SUARA LOTIM 

Program Kampung KB di Lombok Timur Belum Berkembang

Lombok Timur SR – Dinas Pemberdayaan Perempuan Perlindungan Anak dan Keluarga Berencana (DP3AKB) Lombok Timur (Lotim) telah membentuk 44 kampung KB  sebagai wahana pemberdayaan masyarakat di tingkat dusun. Kendati demikian, baru satu kampung KB yang telah berkembang.

“Dari 44 kampung KB yang telah terbentuk, baru satu kampung KB yang telah berkembang. Konsep awal kampung KB ini berada di level kampung sehingga kami memaklumi juga karena kemampuan dari dusun untuk mengelola sumberdaya yang dimiliki, baik SDMnya maupun sumberdaya sarana dan prasarana,” jelas Kepala DP3AKB Lotim, Asrul Sani kepada wartawan, Rabu (19/8).

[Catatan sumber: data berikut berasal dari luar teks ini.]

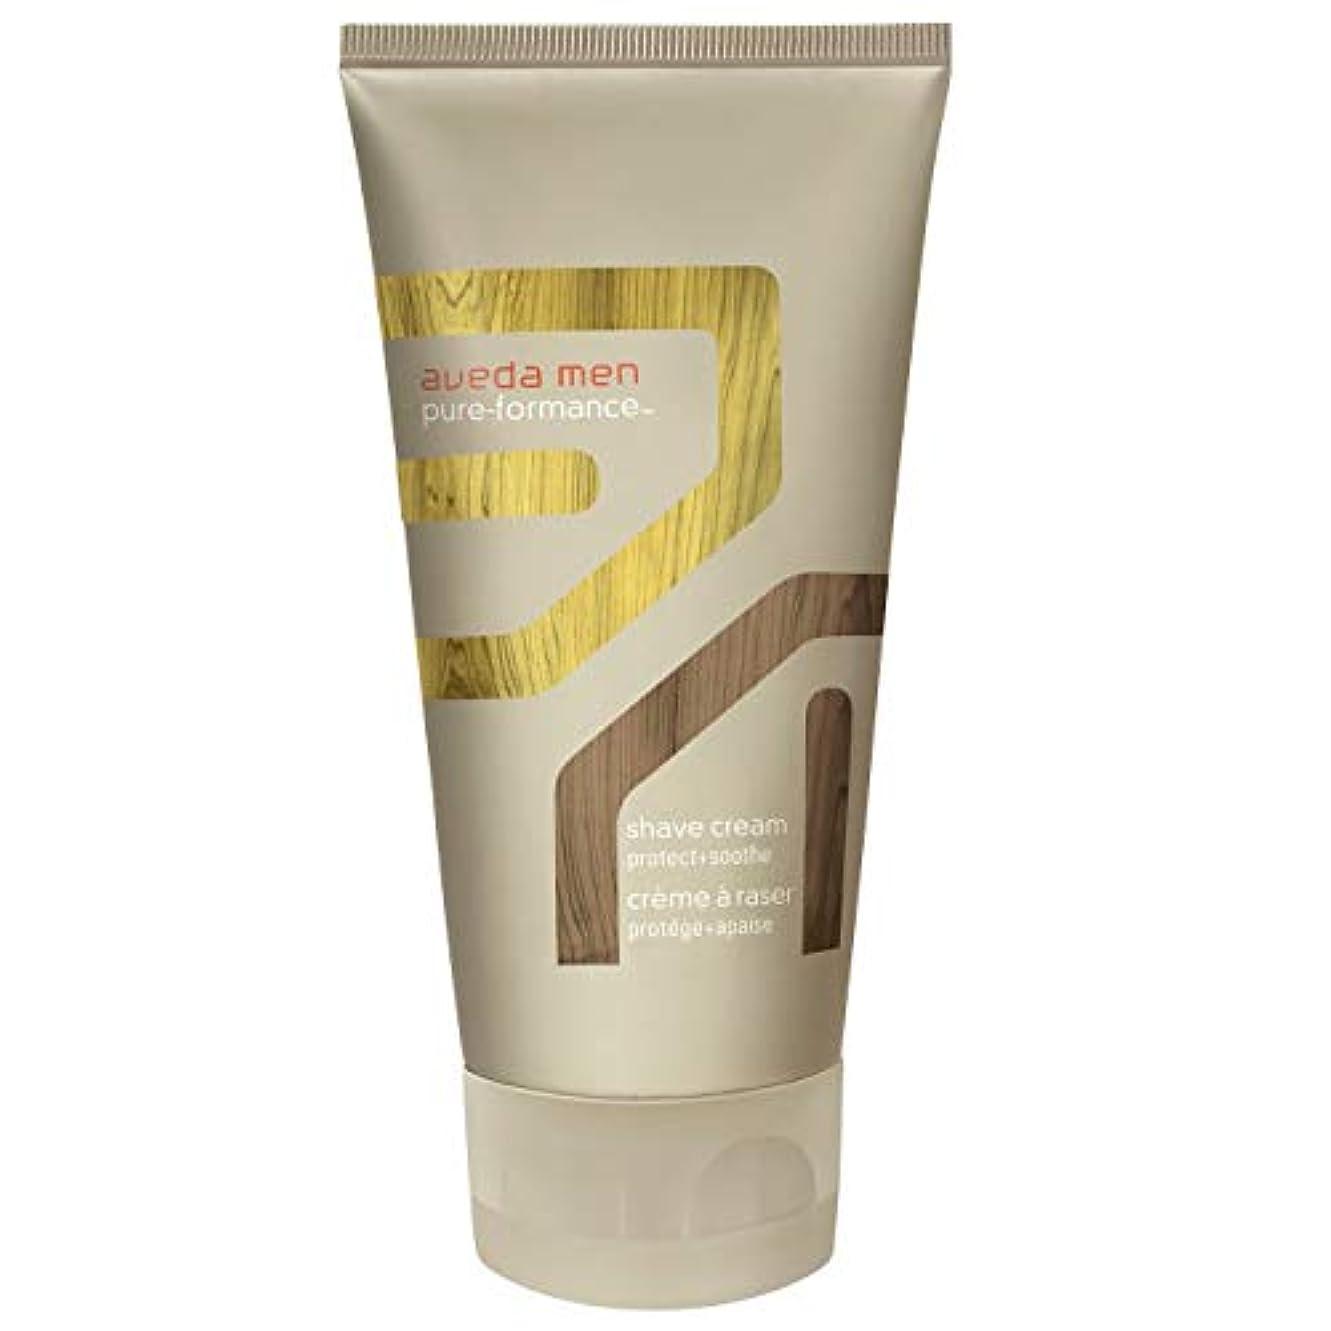 キャンプすり減る振る舞い[AVEDA] アヴェダ男性の純粋な-Formanceシェーブクリーム150ミリリットル - Aveda Men Pure-Formance Shave Cream 150ml [並行輸入品]

Lanjutnya, untuk mengembangkan program kampung KB tersebut pihaknya akan memfasilitasi semua kegiatan-kegiatan yang akan diselenggarakan oleh ketua kampung KB seperti halnya pertemuan-pertemuan dan pelatihan-pelatihan.

“Kami akan memfasilitasi kegiatan kampung KB itu. Misalnya melakukan pelatihan dan kegiatan-kegiatan sosial lainnya,” tandasnya.

Dengan adanya kampung KB tersebut, lanjut dia, diharapkan bisa meningkatkan pendapatan masyarakat dan mengatasi problem yang ada di tingkat dusun seperti menekan angka putus sekolah dan masyarakat yang belum terdata identitas kependudukannya bisa terdata semua.

“Program ini juga untuk mengantisipasi anak putus sekolah. Selain itu program ini juga membantu untuk mendata identitas penduduk,” imbuhnya.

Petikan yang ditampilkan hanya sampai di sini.